Pandas pivot_table Silently Drops Indices with NaNs
In this post, we will discuss when pivot_table silently drops indices with NaN-s. We will give an example, expected behavior and many resources.
Example
Let's have a DataFrame like:
import pandas as pd
import numpy as np
df = pd.DataFrame({'foo': ['one', 'one', 'one', 'two', 'two', 'two'],
'bar': ['A', 'B', np.nan, 'A', 'B', 'C'],
'baz': [1, 2, 3, 4, 5, 6],
'zoo': ['x', 'y', 'z', 'q', 'w', 't']})
with data:
foo | bar | baz | zoo | |
---|---|---|---|---|
0 | one | A | 1 | x |
1 | one | B | 2 | y |
2 | one | NaN | 3 | z |
3 | two | A | 4 | q |
4 | two | B | 5 | w |
silent drop of NaN-s indexes
Now let's run two different examples:
pivot_table
df.pivot_table(index='foo', columns='bar', values='zoo', aggfunc=sum)
result is:
bar | A | B | C |
---|---|---|---|
foo | |||
one | x | y | NaN |
two | q | w | t |
Even trying with dropna=False
still results in the same behavior in pandas 2.0.1:
df.pivot_table(index='foo', columns='bar', values='zoo', aggfunc=sum, dropna=False)
pivot_table and dropna
Below you can read what is doing parameter dropna
:
dropna bool, default True
Do not include columns whose entries are all NaN. If True, rows with a NaN value in any column will be omitted before computing margins.
pivot
while pivot will give us different result:
df.pivot(index='foo', columns='bar', values='zoo')

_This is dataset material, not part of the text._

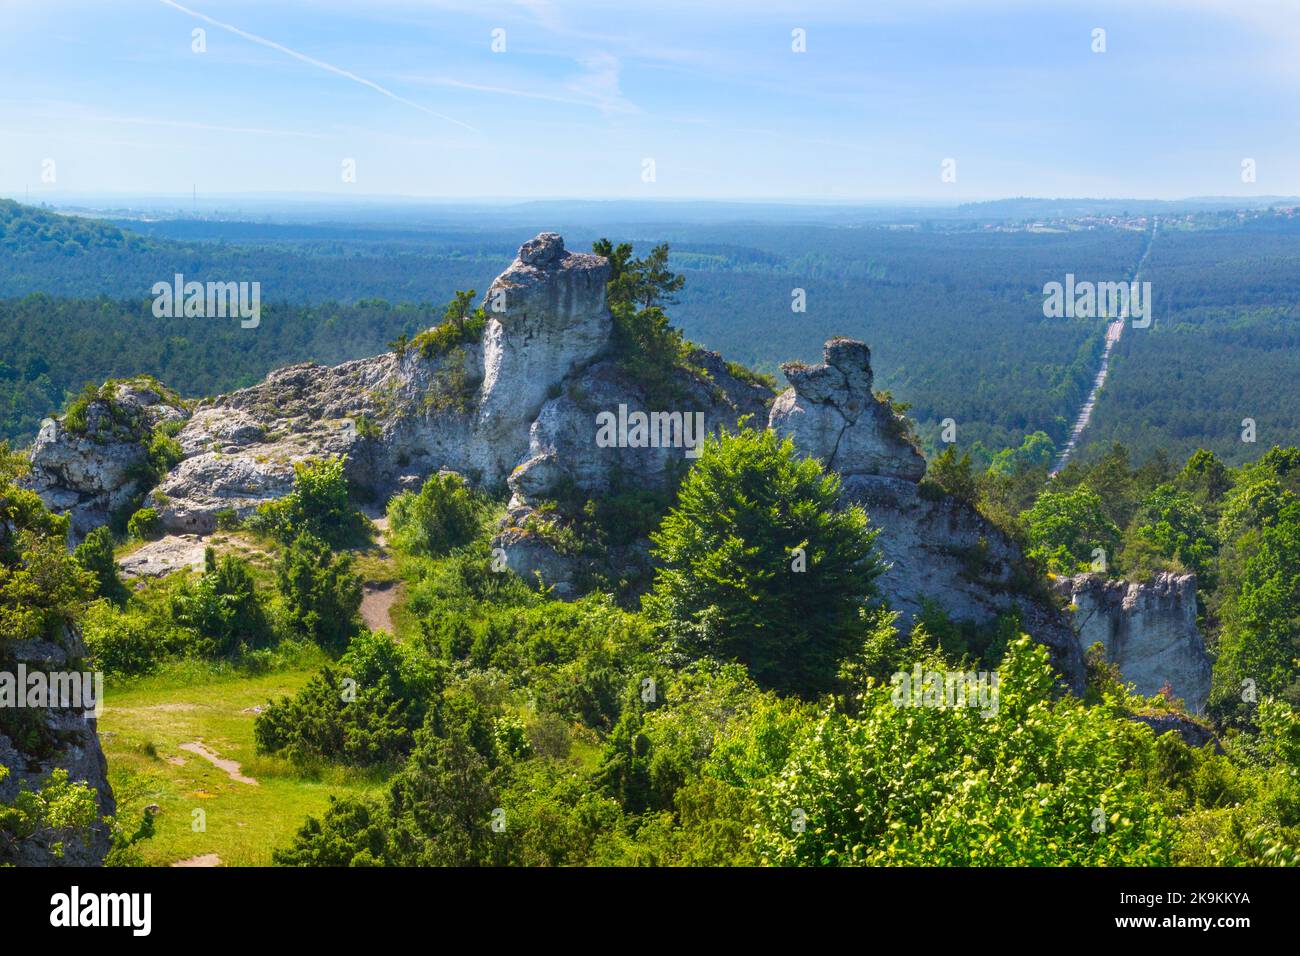 Landscape with limestone rocks from peak of Gora Zborow in Podlesice, Poland Stock Photo

which returns NaN-s from the bar column:
bar | nan | A | B | C |
---|---|---|---|---|
foo | ||||
one | z | x | y | NaN |
two | NaN | q | w | t |
Stop silent drop
Once you analyze the error and data a potential solution might be to fill NaN values with default value (which differs from the rest):
df['bar'] = df['bar'].fillna(0)
df.pivot_table(index='foo', columns='bar', values='zoo', aggfunc=sum)
After this change pivot_table
will not drop the NaN indexes:
foo | bar | baz | zoo | |
---|---|---|---|---|
0 | one | A | 1 | x |
1 | one | B | 2 | y |
2 | one | 0 | 3 | z |
3 | two | A | 4 | q |
4 | two | B | 5 | w |
The image below show the behaviour before and after the silent drop of NaN-s:
Conclusion
You can always refer to the official Pandas documentation for examples and what is expected: Reshaping and pivot tables
Pandas offers a variety of methods and functions to wrangle data. Sometimes the results might be unexpected. In this case test the results against another method or sequence of steps.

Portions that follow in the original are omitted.